§ GIVEN MATERIAL:
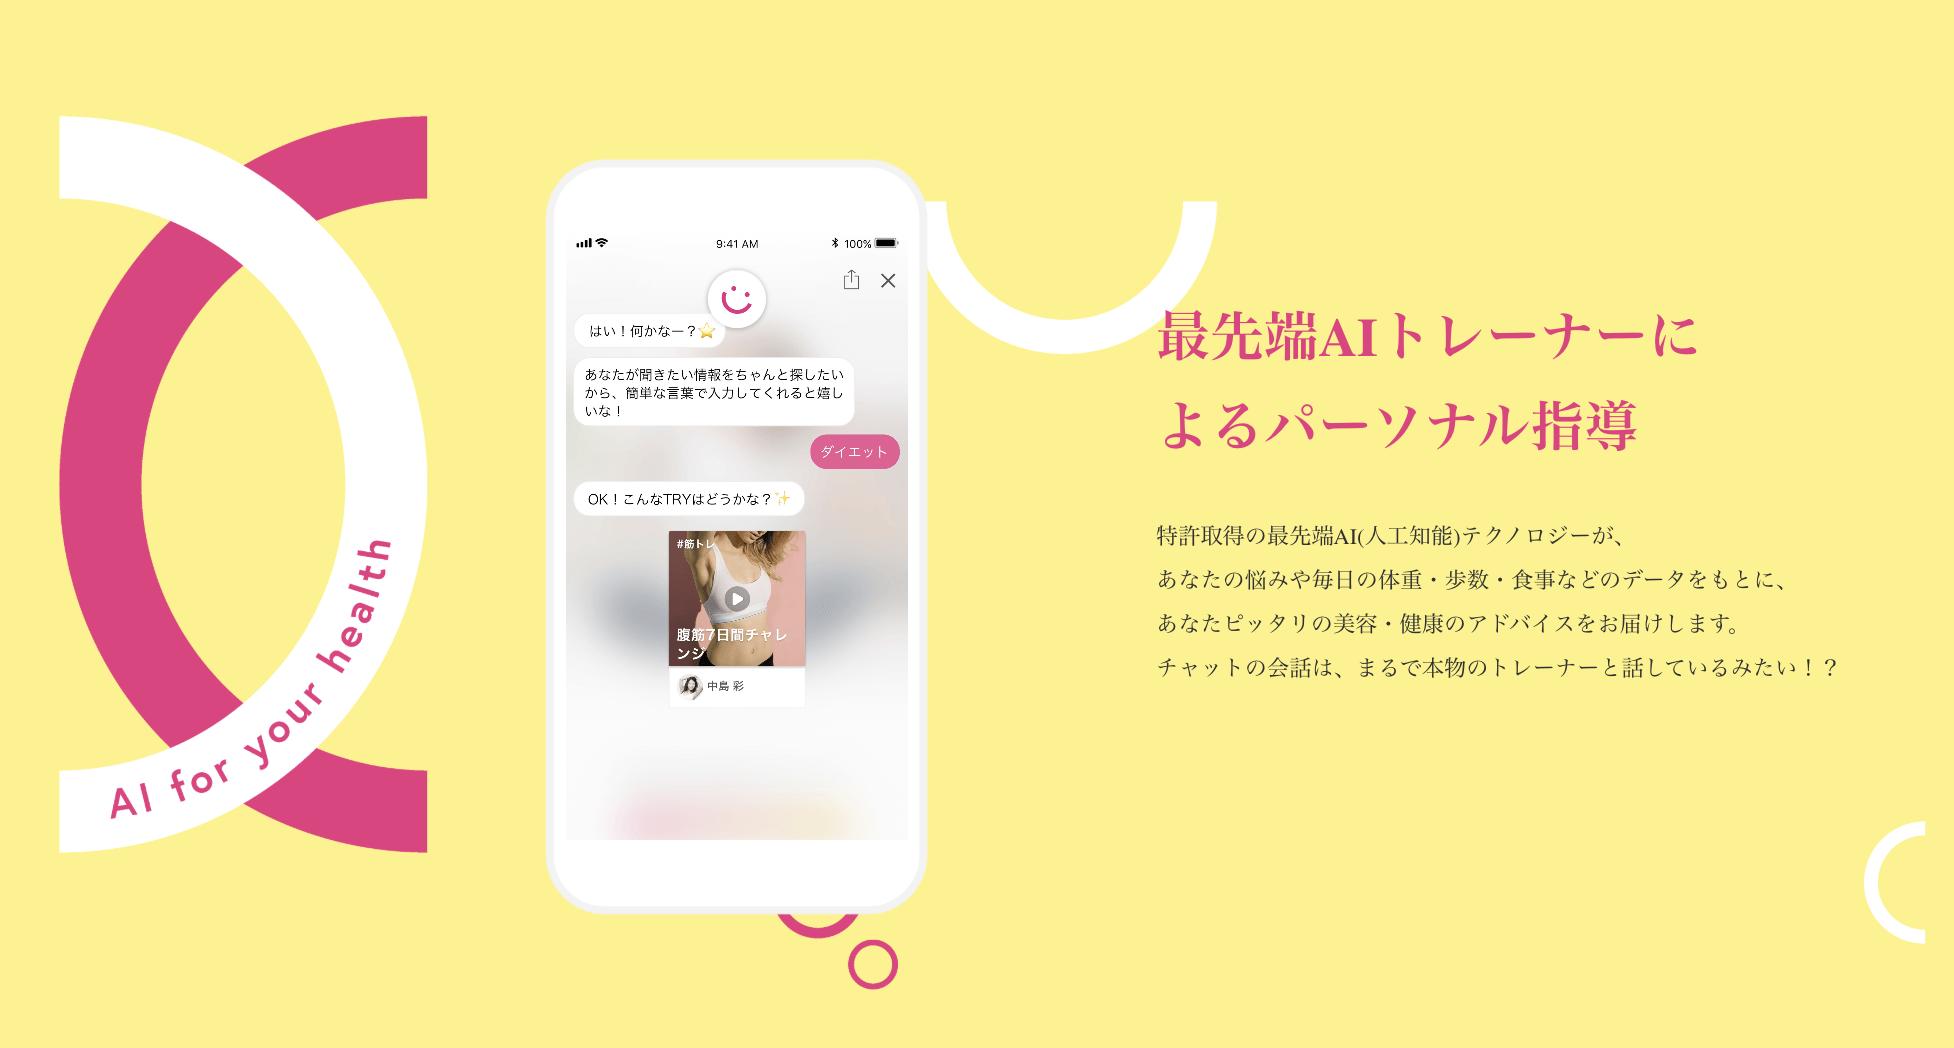 おすすめ ダイエット アプリ
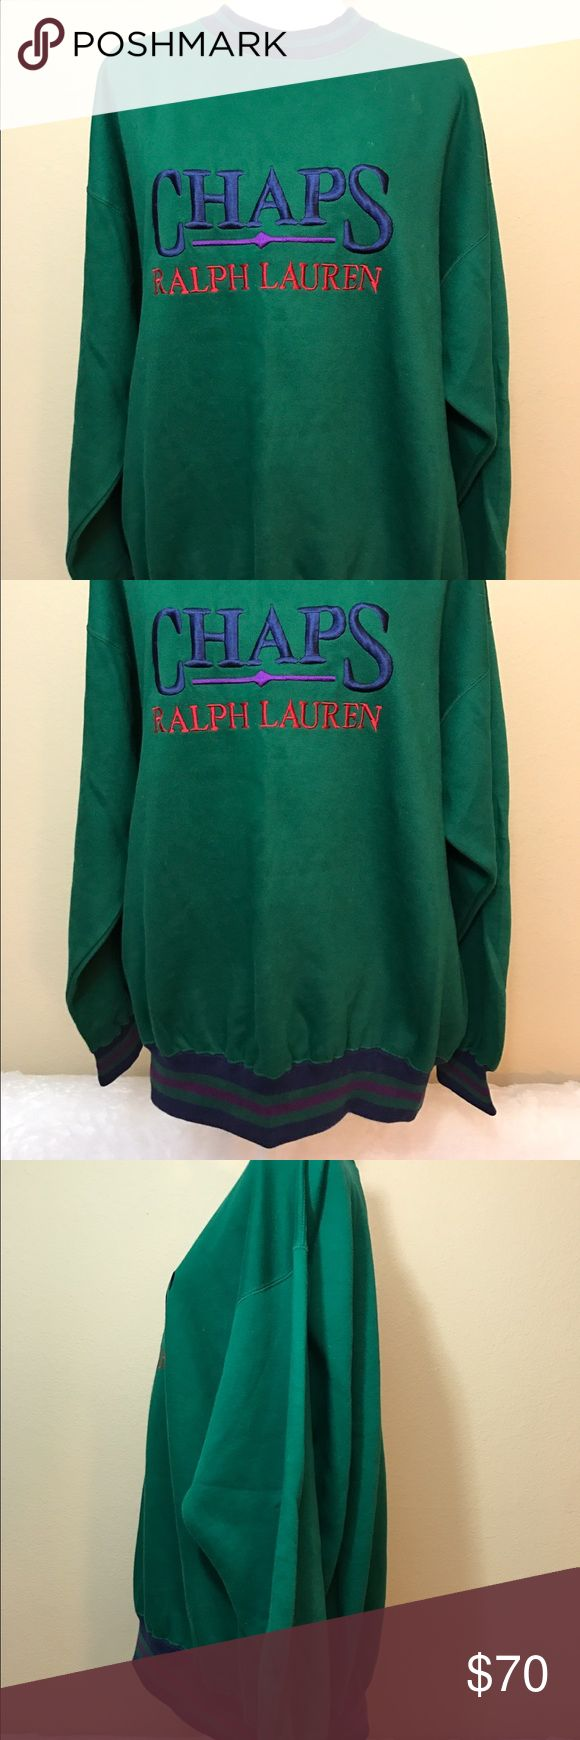 Vintage 90s Chaps Ralph Lauren sweatshirt Great condition Ralph Lauren Jackets & Coats
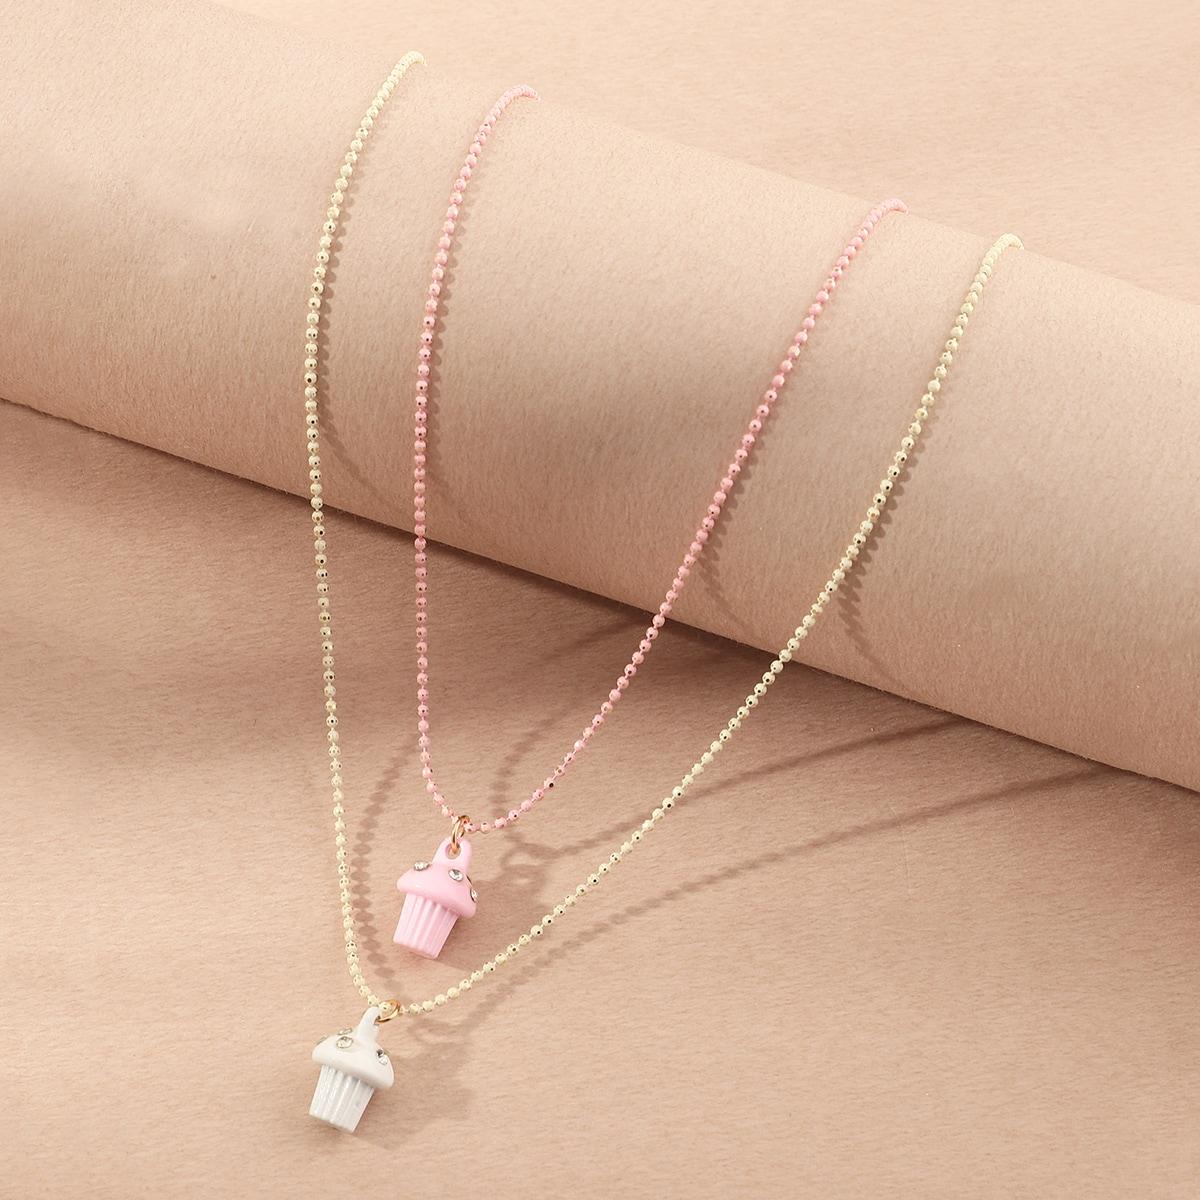 2шт ожерелье с грибом и стразами для девочек
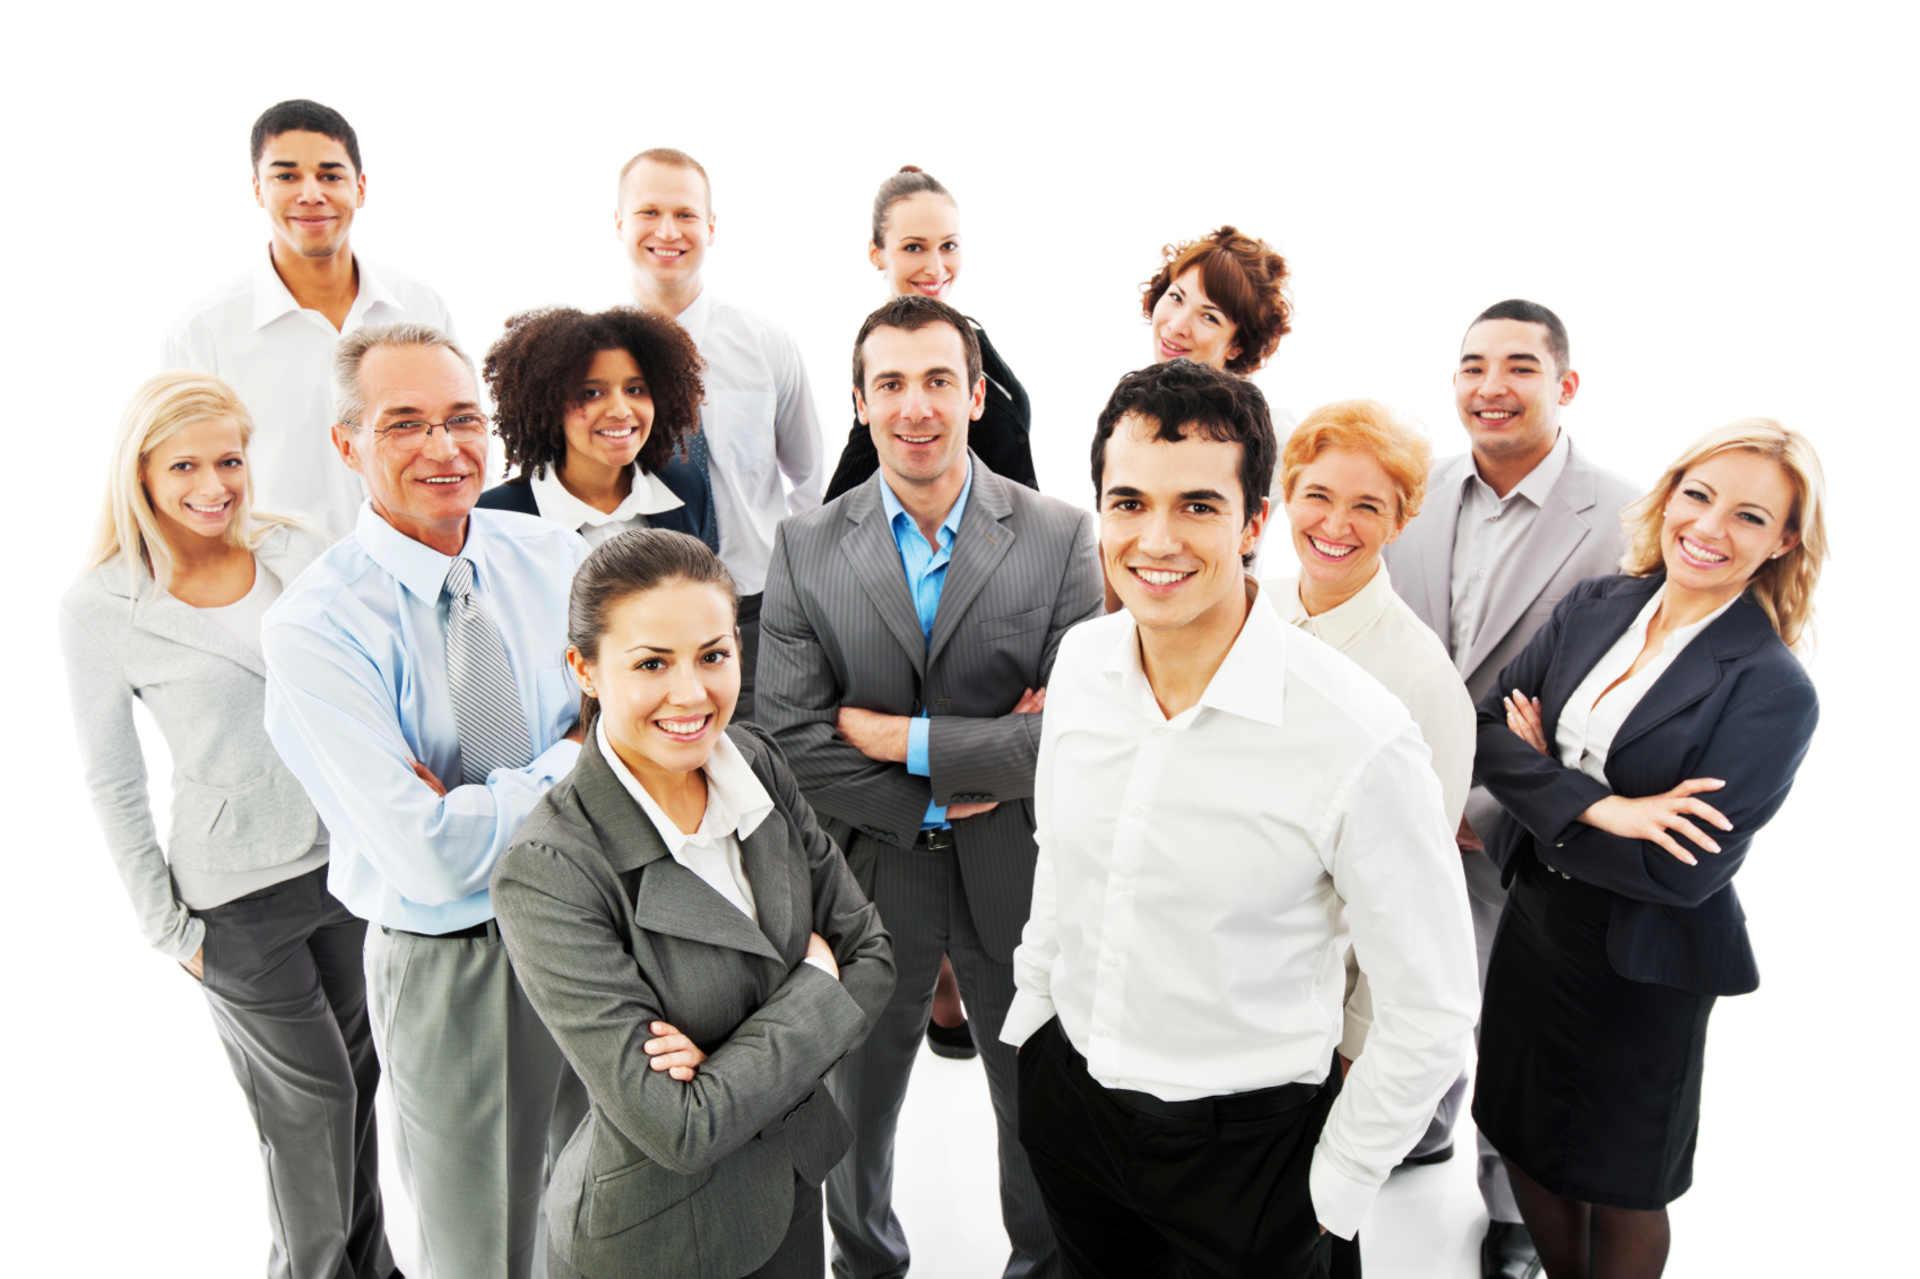 O sektörde 12 bin kişiye iş imkanı

§ WORK INSTRUCTIONS:
Give back the whole listing exactly as it stands. No pictures belong in the copy.

§ FINAL ANSWER:
 おすすめ ダイエット アプリ
 Vintage 90s Chaps Ralph Lauren sweatshirt Great condition Ralph Lauren Jackets & Coats
 2шт ожерелье с грибом и стразами для девочек
 O sektörde 12 bin kişiye iş imkanı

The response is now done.